In Anne Downie's new play about emigration, independence and coming home, Maggie - a woman in her late 70s returning to Scotland after half a century in the US - ruminates on what it means to be away from home for most of your life. "Funny, when you look back from over there, it's kind of on freeze-frame. But everybody else fast forwards, nothing stays the same."

While this forms the play's core, it's also a pertinent observation for those of us seeing the redeveloped Byre Theatre for the first time. Once little more than a church hall kind of venue, with scones served at the interval, it has now been transformed into a slick and serious theatre, complete with opening ceremony presided over by Sean Connery and a first season of professional productions.

Professionalism is certainly what you get with this show. This is a hugely enjoyable evening: the pace falters at times but there are faultless performances from a strong cast, especially Maggie's four terrible sisters fighting over the money she has made abroad, and Eileen McCallum as Maggie. Her life in the US has long been the repository for their dreams, a fantastical counterpoint to their own disappointments; she too has only a dream of what life in Scotland might be like. She soon sees that the culture she left behind has moved on without her: when she first arrives she wants to taste Scottish dishes that her young niece has never heard of, and when the sisters take her on a night out, in one of the play's funniest scenes, it is to a local club to line dance.

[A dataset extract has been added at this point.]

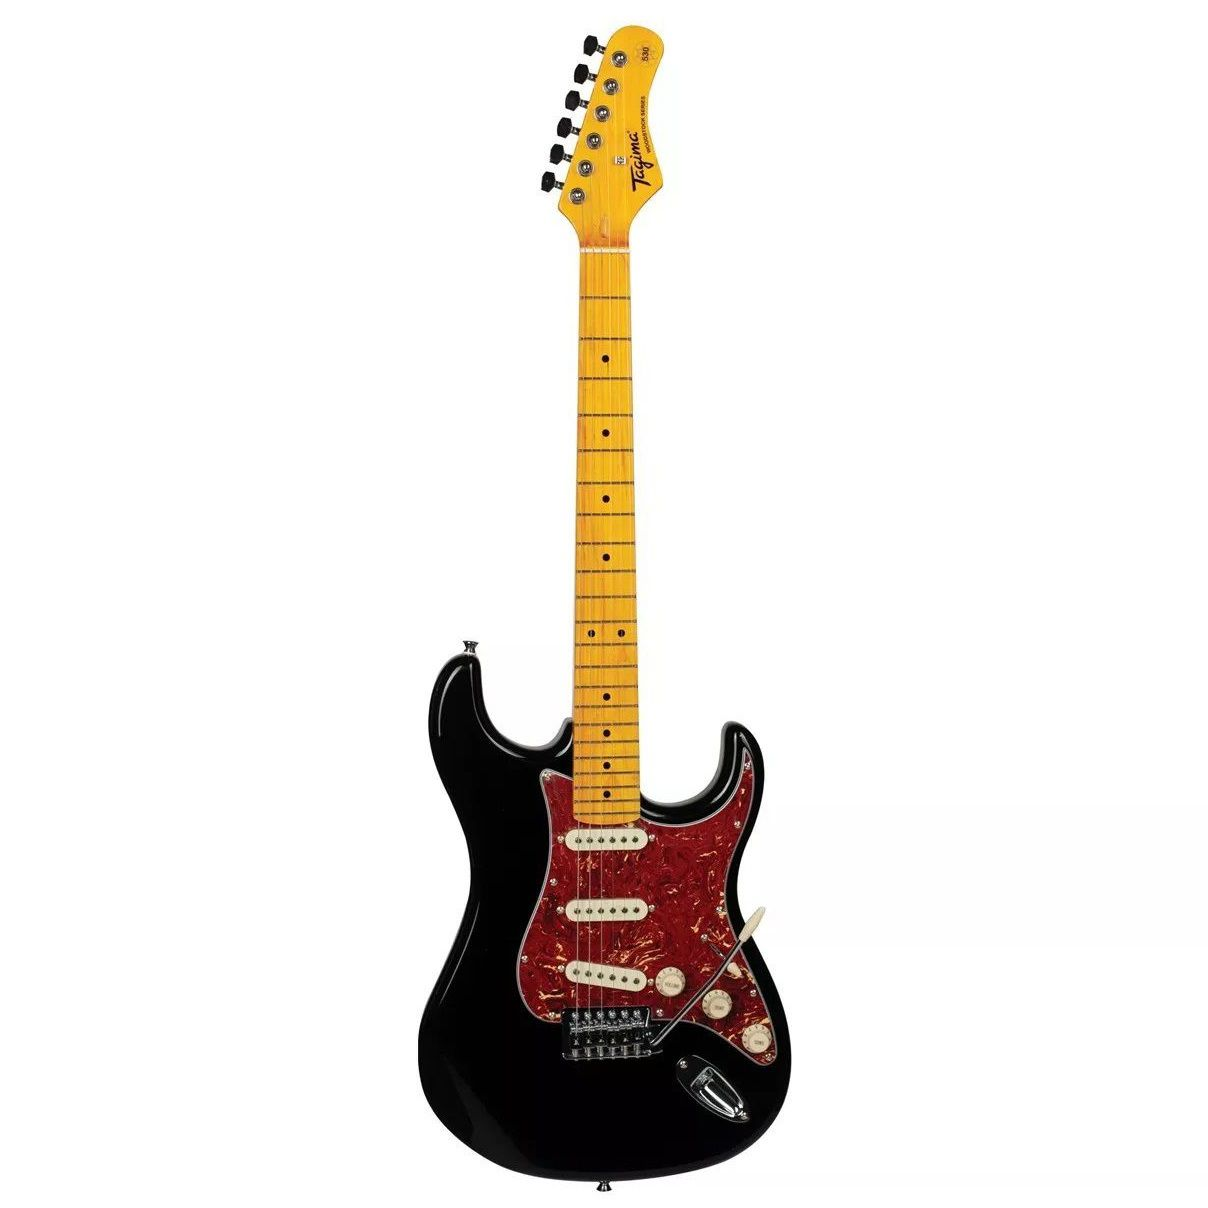 Guitarra Tagima Stratocaster Woodstock Tg530 Bk Preto
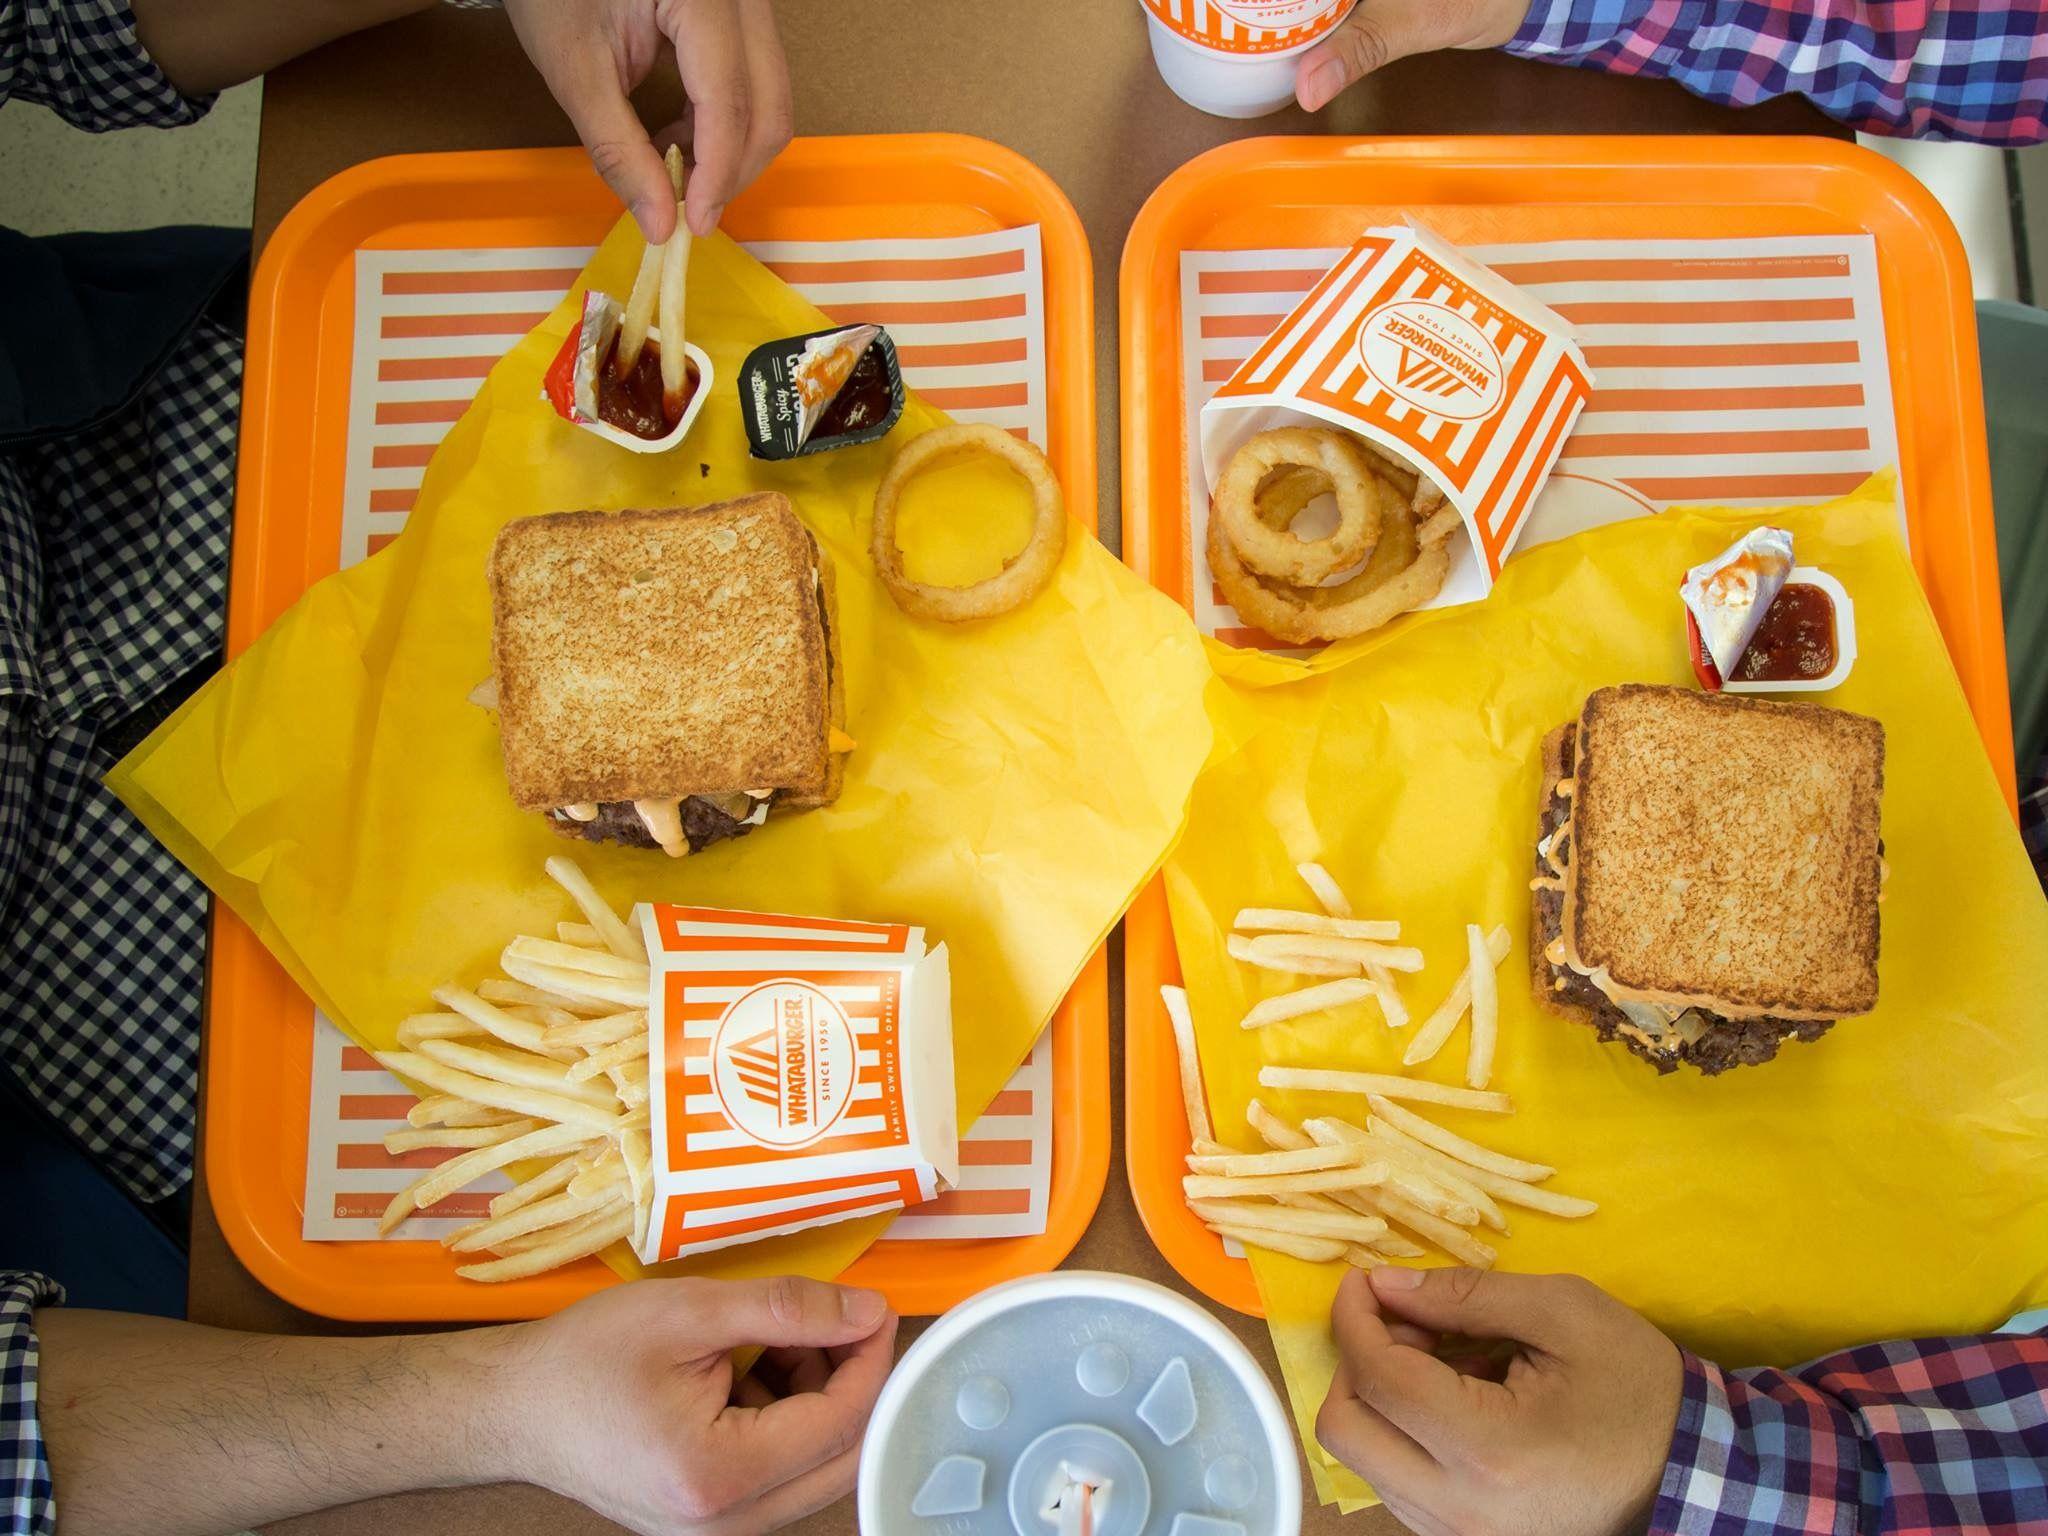 @whataburger Patty Melt Heaven. | Food, Patty melt, Whataburger patty melt

The strongest aspects of the writing lie in its treatment of the reality of emigration and the devastating accuracy of the relationships between the five sisters. What works less well is the play's subtext about the dependence and independence of Scotland. Just as Maggie's move abroad turns out to have been anything but emancipating (she remains engaged in her mind to a man she left 50 years ago), so Scotland's political dependence is woven as a theme into the play. It sits uneasily with the much more engaging human drama of what it means to be sisters, especially across the miles.